#### [What needs to be done]
Which lines run from the one containing "mỹ phẩm Fairy" to the end of the entries? Quote them exactly, and nothing else.

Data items
____

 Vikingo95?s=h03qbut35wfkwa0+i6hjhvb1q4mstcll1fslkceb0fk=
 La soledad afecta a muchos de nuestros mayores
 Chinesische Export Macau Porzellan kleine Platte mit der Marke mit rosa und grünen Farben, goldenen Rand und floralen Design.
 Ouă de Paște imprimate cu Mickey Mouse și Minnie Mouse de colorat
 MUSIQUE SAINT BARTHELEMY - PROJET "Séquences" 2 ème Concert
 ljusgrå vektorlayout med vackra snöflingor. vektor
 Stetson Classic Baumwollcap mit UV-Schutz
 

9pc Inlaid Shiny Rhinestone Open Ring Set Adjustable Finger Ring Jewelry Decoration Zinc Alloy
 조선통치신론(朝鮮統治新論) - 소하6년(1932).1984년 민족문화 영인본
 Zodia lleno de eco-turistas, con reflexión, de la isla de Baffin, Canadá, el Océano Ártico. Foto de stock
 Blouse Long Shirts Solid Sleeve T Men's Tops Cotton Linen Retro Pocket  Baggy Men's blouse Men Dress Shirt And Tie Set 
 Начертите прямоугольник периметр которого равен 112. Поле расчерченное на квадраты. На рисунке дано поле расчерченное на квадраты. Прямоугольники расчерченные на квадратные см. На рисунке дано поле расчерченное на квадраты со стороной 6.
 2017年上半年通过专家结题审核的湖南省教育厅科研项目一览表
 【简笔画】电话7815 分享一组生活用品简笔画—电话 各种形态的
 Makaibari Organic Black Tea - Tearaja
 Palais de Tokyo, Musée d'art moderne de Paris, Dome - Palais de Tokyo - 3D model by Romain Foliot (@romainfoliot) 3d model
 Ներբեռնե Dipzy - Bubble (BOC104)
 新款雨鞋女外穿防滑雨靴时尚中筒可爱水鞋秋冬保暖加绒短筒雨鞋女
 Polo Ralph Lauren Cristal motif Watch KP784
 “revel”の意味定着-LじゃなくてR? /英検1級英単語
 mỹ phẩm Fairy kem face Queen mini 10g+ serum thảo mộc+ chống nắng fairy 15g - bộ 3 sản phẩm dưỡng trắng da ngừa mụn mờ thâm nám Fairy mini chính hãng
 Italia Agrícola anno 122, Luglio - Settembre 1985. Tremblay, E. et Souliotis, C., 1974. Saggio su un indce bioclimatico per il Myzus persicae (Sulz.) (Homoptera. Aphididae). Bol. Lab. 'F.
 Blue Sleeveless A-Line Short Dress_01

____

#### [Response]
 mỹ phẩm Fairy kem face Queen mini 10g+ serum thảo mộc+ chống nắng fairy 15g - bộ 3 sản phẩm dưỡng trắng da ngừa mụn mờ thâm nám Fairy mini chính hãng
 Italia Agrícola anno 122, Luglio - Settembre 1985. Tremblay, E. et Souliotis, C., 1974. Saggio su un indce bioclimatico per il Myzus persicae (Sulz.) (Homoptera. Aphididae). Bol. Lab. 'F.
 Blue Sleeveless A-Line Short Dress_01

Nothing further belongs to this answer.